Even if the exception were to be established, state law would still require that candidates would need to be a resident of the county, so one way or the other, a proper job description would have to address a residency requirement. Without Council action (which could take from weeks to months) the job at this point requires the applicant to be a city resident.

The Lack of Council Action Regarding the City Attorney Position’s Terms of Employment

As readers may recall, Mayor Kim drafted a resolution for the last City Council meeting proposing terms of employment for the City Attorney position. These included a reduction in hours for the position and a salary range. Previously the City Attorney was a full-time position requiring forty hours and the city employed an Assistant City Attorney to work up to 29 hours. Kim’s resolution proposed only a single City Attorney who would work “an average of thirty hours a week.” [JK: The concept of “average” for calculating a salary is problematic and I am deeply troubled by the radical reduction of in-house counsel time but that will have to wait for a separate post.]

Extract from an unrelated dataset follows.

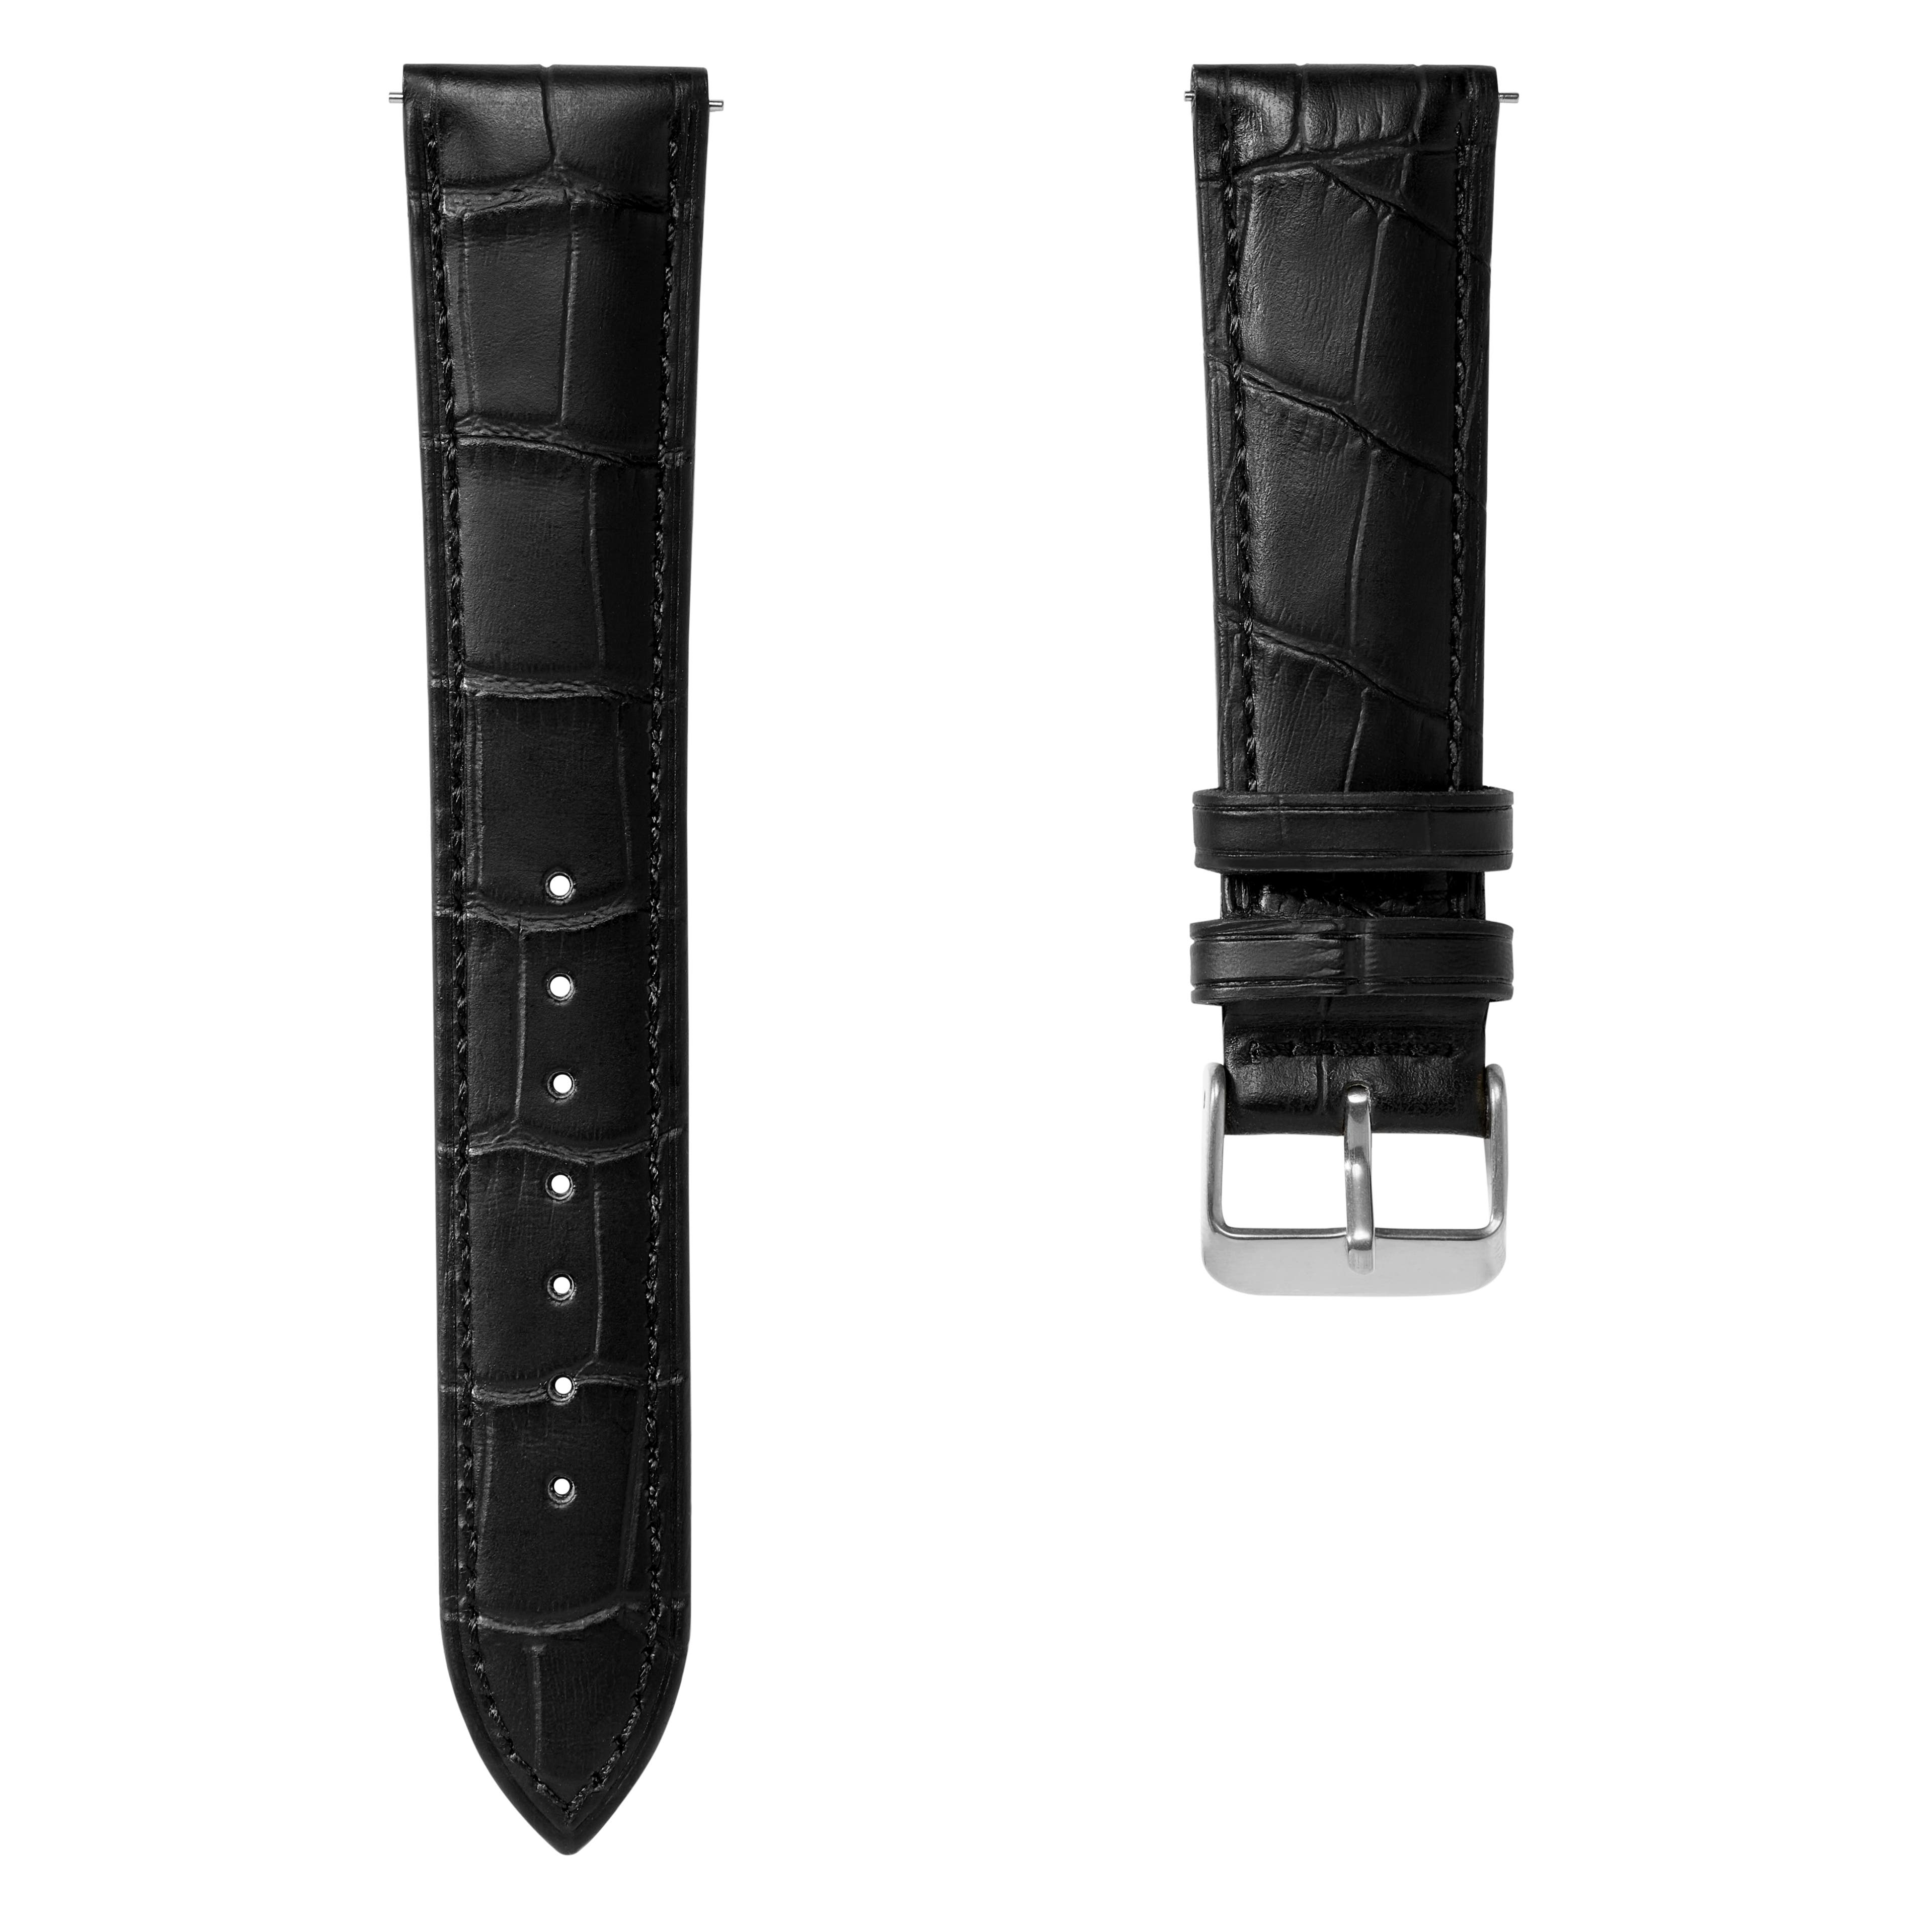 Correa de reloj de cuero negro con relieve de cocodrilo y hebilla plateada de 20 mm - Liberación rápida

That resolution was withdrawn before the Council meeting. Nevertheless, the terms of employment now appear in the job posting for a City Attorney even though they were never approved by the City Council as required. The Mayor is not authorized to make these offers of terms of employment on his own. It would seem to be improper and unfair to applicants to offer them conditions of employment before those terms have been appropriately authorized by the Council.

One has to wonder what his Democratic colleagues on the Council think of this. But then, they have no one to turn to for legal advice…….

The Documents

Note: The attorneys serve two-year terms unless they are filling out a term that a previous attorney had vacated. In browsing these oaths the reader will find multiple entries for the same attorney in some cases because they were required to take an oath for each new term.

6 thoughts on “Mayor Kim: Bypasses City Council With Job Posting”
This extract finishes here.